WalnutDSA™: a group theoretic digital signature algorithm

ABSTRACT

This paper presents an in depth discussion of WalnutDSA, a quantum resistant public-key digital signature method based on the one-way function E-multiplication. A key feature of WalnutDSA is that it provides very efficient means of validating digital signatures which is essential for low-powered and constrained devices. This paper presents an in-depth discussion of the construction of the digital signature algorithm, and delves deeply into the underlying mathematics that facilitates analysing the security of the scheme. When implemented using parameters that defeat all known attacks, WalnutDSA is among the fastest quantum resistant signature verification methods; it performs orders of magnitude faster than ECC, even on low-end embedded hardware.
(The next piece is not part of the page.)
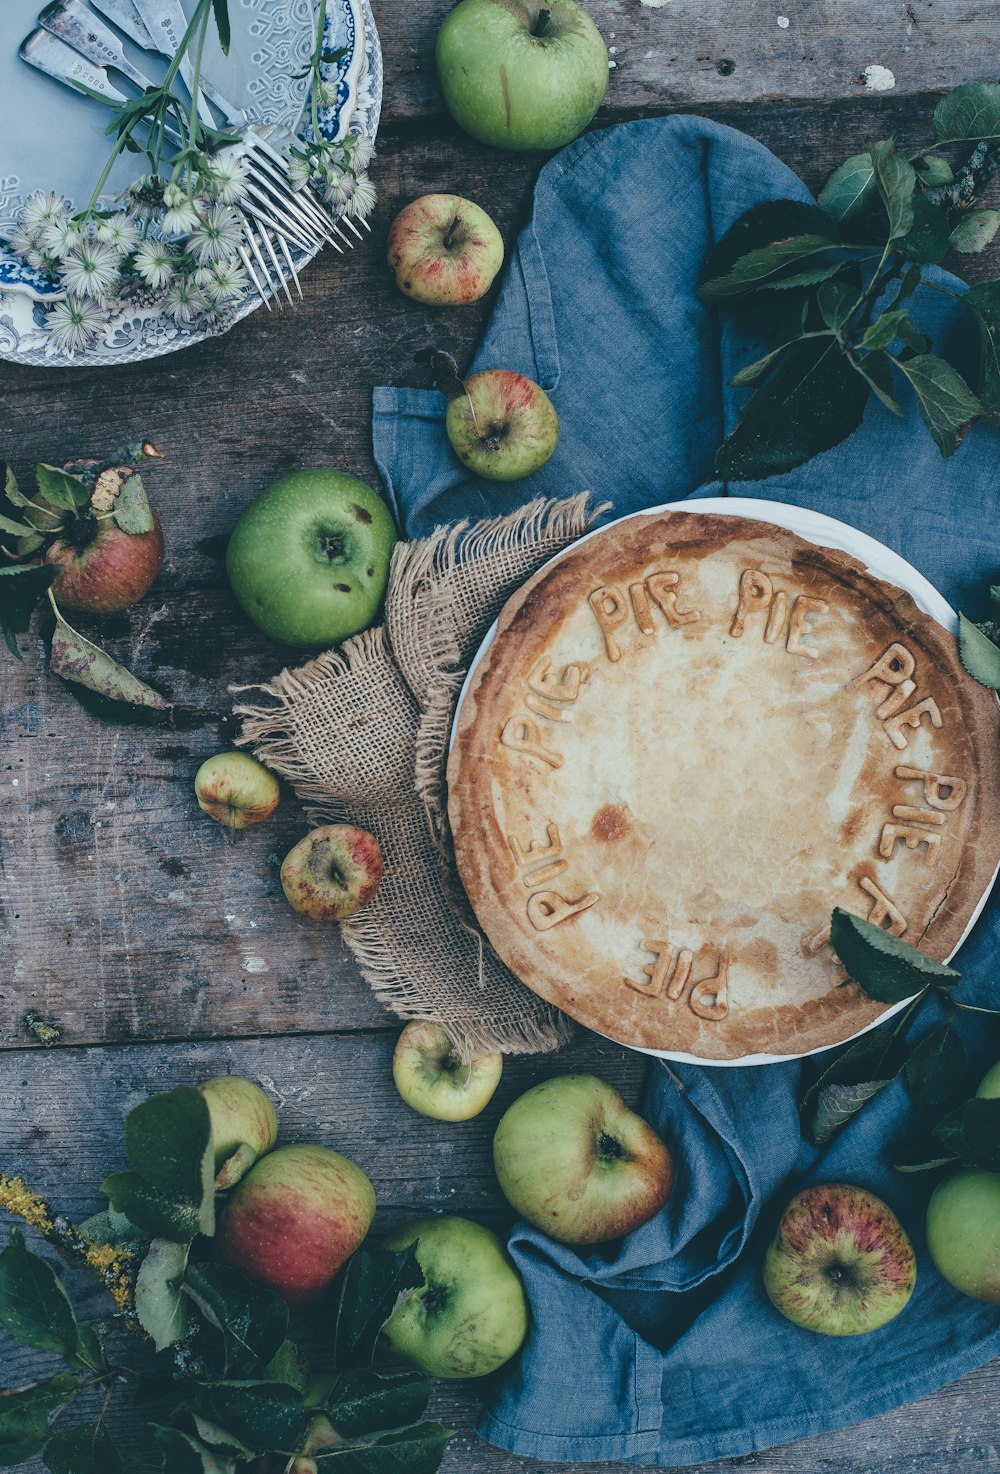 baked pie beside green apples

WalnutDSA delivers a 12–25× speed improvement over ECDSA on most platforms, and a 31× speed improvement on a 16-bit microcontroller, making it an ideal solution for low-resource processors found in the Internet of Things (IoT).

Keywords:

• Group theoretic cryptography
• digital signature
• e-multiplication
• braids
• internet of things
• IoT

Disclosure statement

No potential conflict of interest was reported by the author(s).

Notes

1 For a weak hash $H_1$ and a strong hash $H_2$, which has twice the output size of $H_1$, an attacker would need to find two messages m and $m^{\mathrm{\prime }}$ that are preimages to the halves of $H_2$ of the desired forgery and then get the signer to use $H_1$ and sign both m and $m^{\mathrm{\prime }}$. For example, the attacker would need to take his or her desired forged message, hash it using SHA2-256, find two preimages with MD5, get the signer to sign those MD5 preimages, and only then can he or she compose a message that would verify with SHA2-256.

2 In practice 128-bit signatures average around $2^{11}$ generators, but different rewriting techniques could extend that. Because the braid group is infinite there are many ways to represent the same signature, however all those ways are well beyond the $2^{14}$ limit.

3 We also think this explains why the Kotov–Menshov–Ushakov attack was as successful as it was.